In doing so, the Court upheld a decision of the transportation minister announced earlier last week.
Citing technical reasons, the judges convinced the secular activists who challenged the decision to withdraw their petition.
The court also suggested that the petitioners, Meretz leader Yossi Sarid and Ornan Yekutieli, a member of the Meretz faction on the Jerusalem city council, wait four weeks before deciding whether to file a petition again.
By then they will be able to determine whether violence has resumed on the thoroughfare after being reopened to traffic during non-worship hours, the court said.
The street, which runs through fervently Orthodox, or haredi, neighborhoods, has been at the center of a bitter and sometimes violent dispute between secular and religious Jews.
Earlier this year, the High Court ruled that if Bar Ilan Street is closed to traffic during prayer times for the religious residents, alternative routes would have to be provided for secular residents.
Transportation Minister Yitzhak Levy, of the National Religious Party, announced last week that a 600-meter-long section of Bar Ilan street would be closed during the hours of prayer.
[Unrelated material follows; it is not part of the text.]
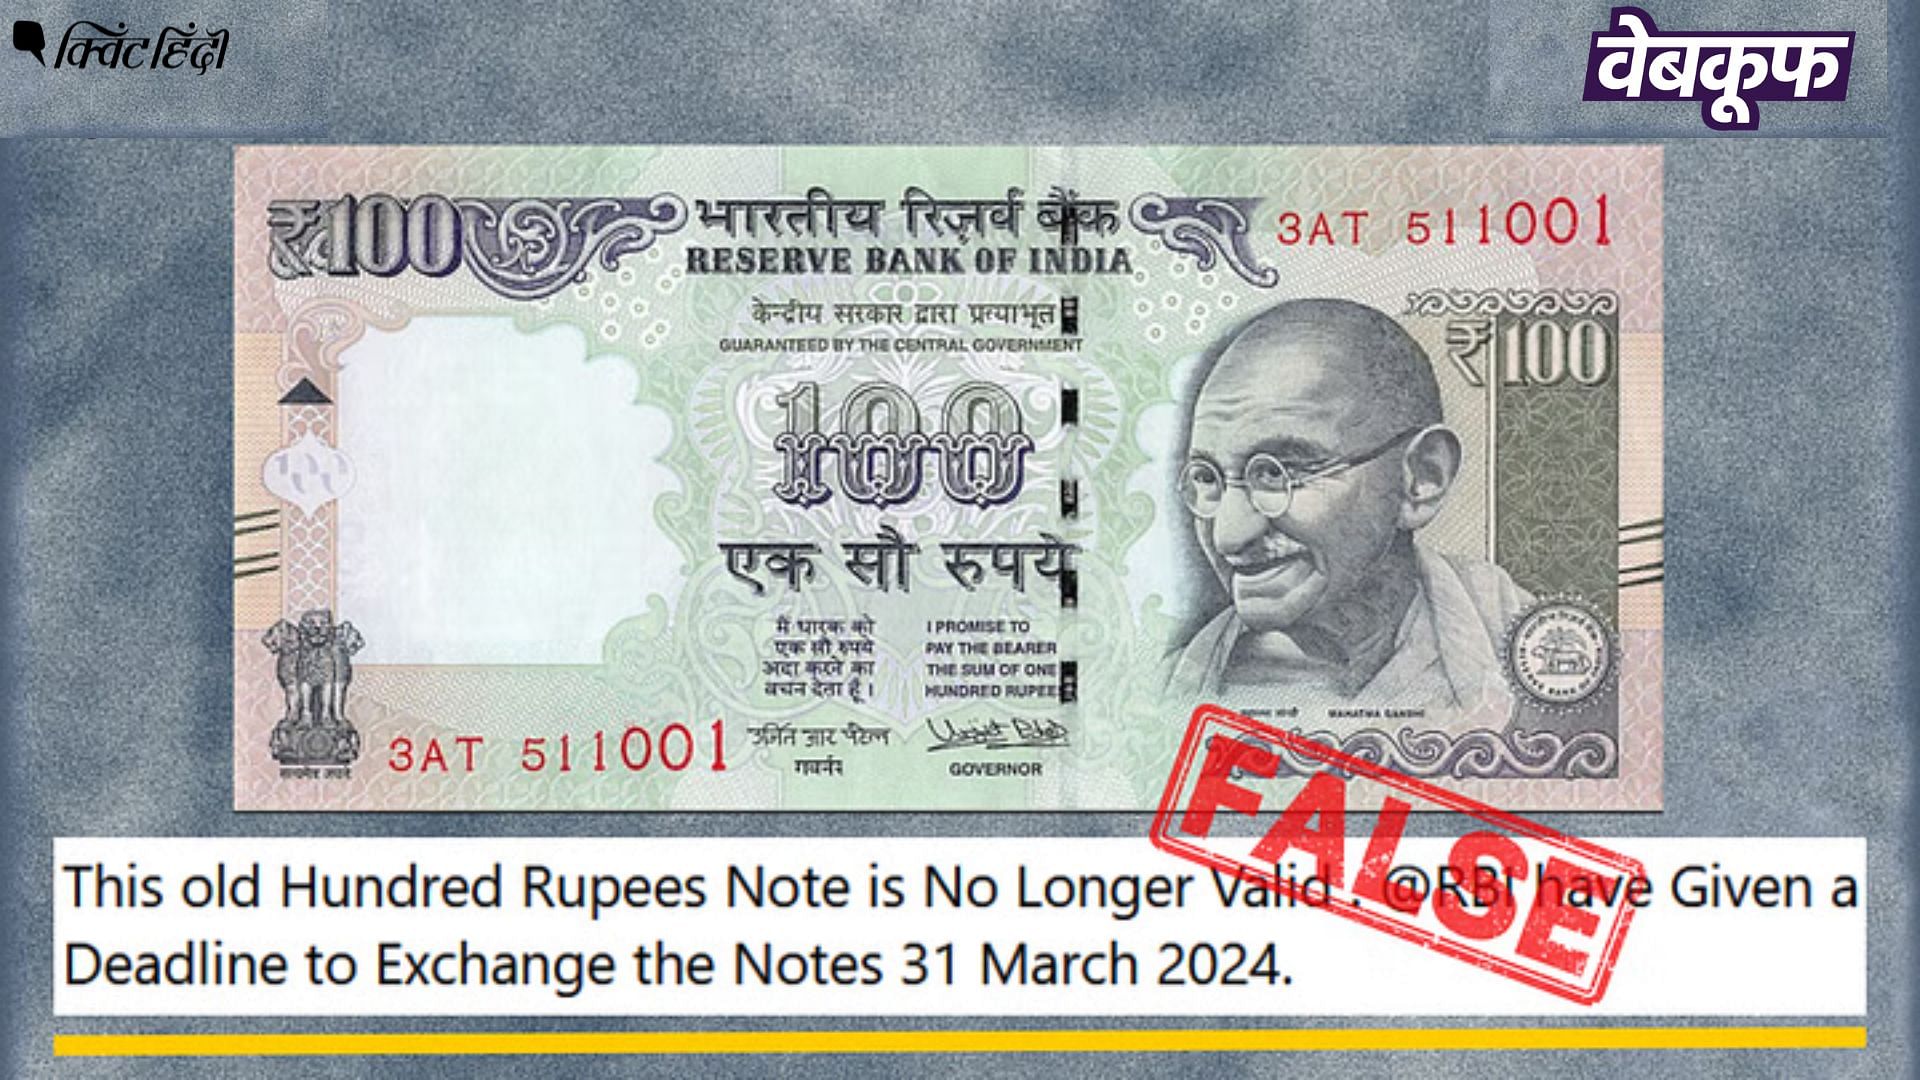 <div class="paragraphs"><p>Fact Check: RBI ने पुराने 100 रुपये के नोट बंद नहीं किए, यह वायरल दावा गलत है!</p></div>

He said that secular residents would be given special tags for their cars, enabling them to park “within reasonable walking distance” to their homes.
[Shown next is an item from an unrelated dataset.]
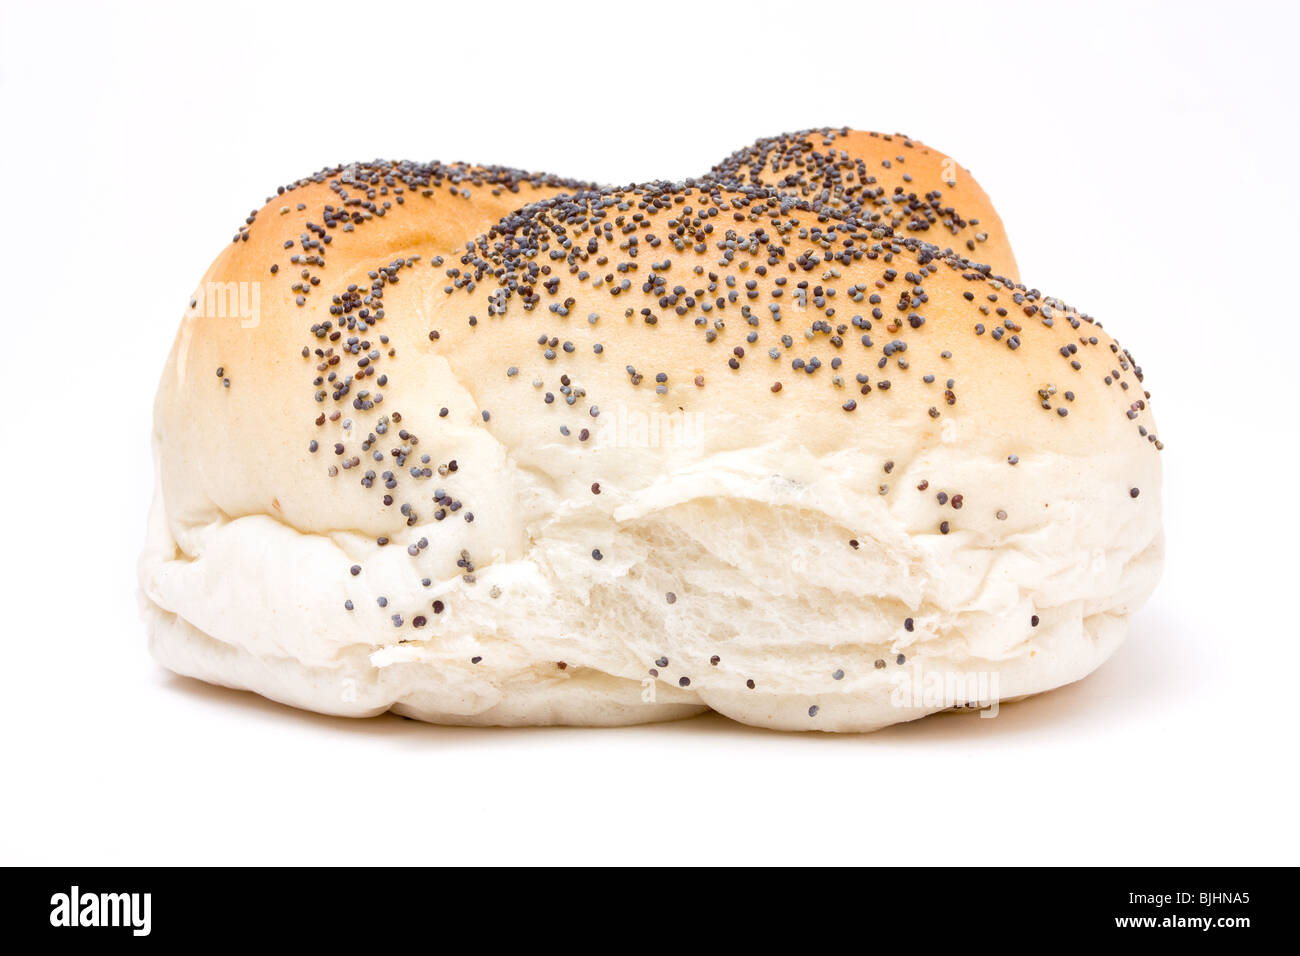 Graines de pain à partir de la vue faible contre isolé sur fond blanc. Banque D'Images

Rather than closing off the street with police barricades during the times of prayer, electronic signals would be posted at either end of the street alerting drivers. Emergency and police vehicles would be allowed to pass through the street at all times.
Petitioner Yekutieli said that while the petition was being withdrawn for now, he would resubmit it if there were any incidents of violence or attempts to close off the road outside of the prescribed hours of worship.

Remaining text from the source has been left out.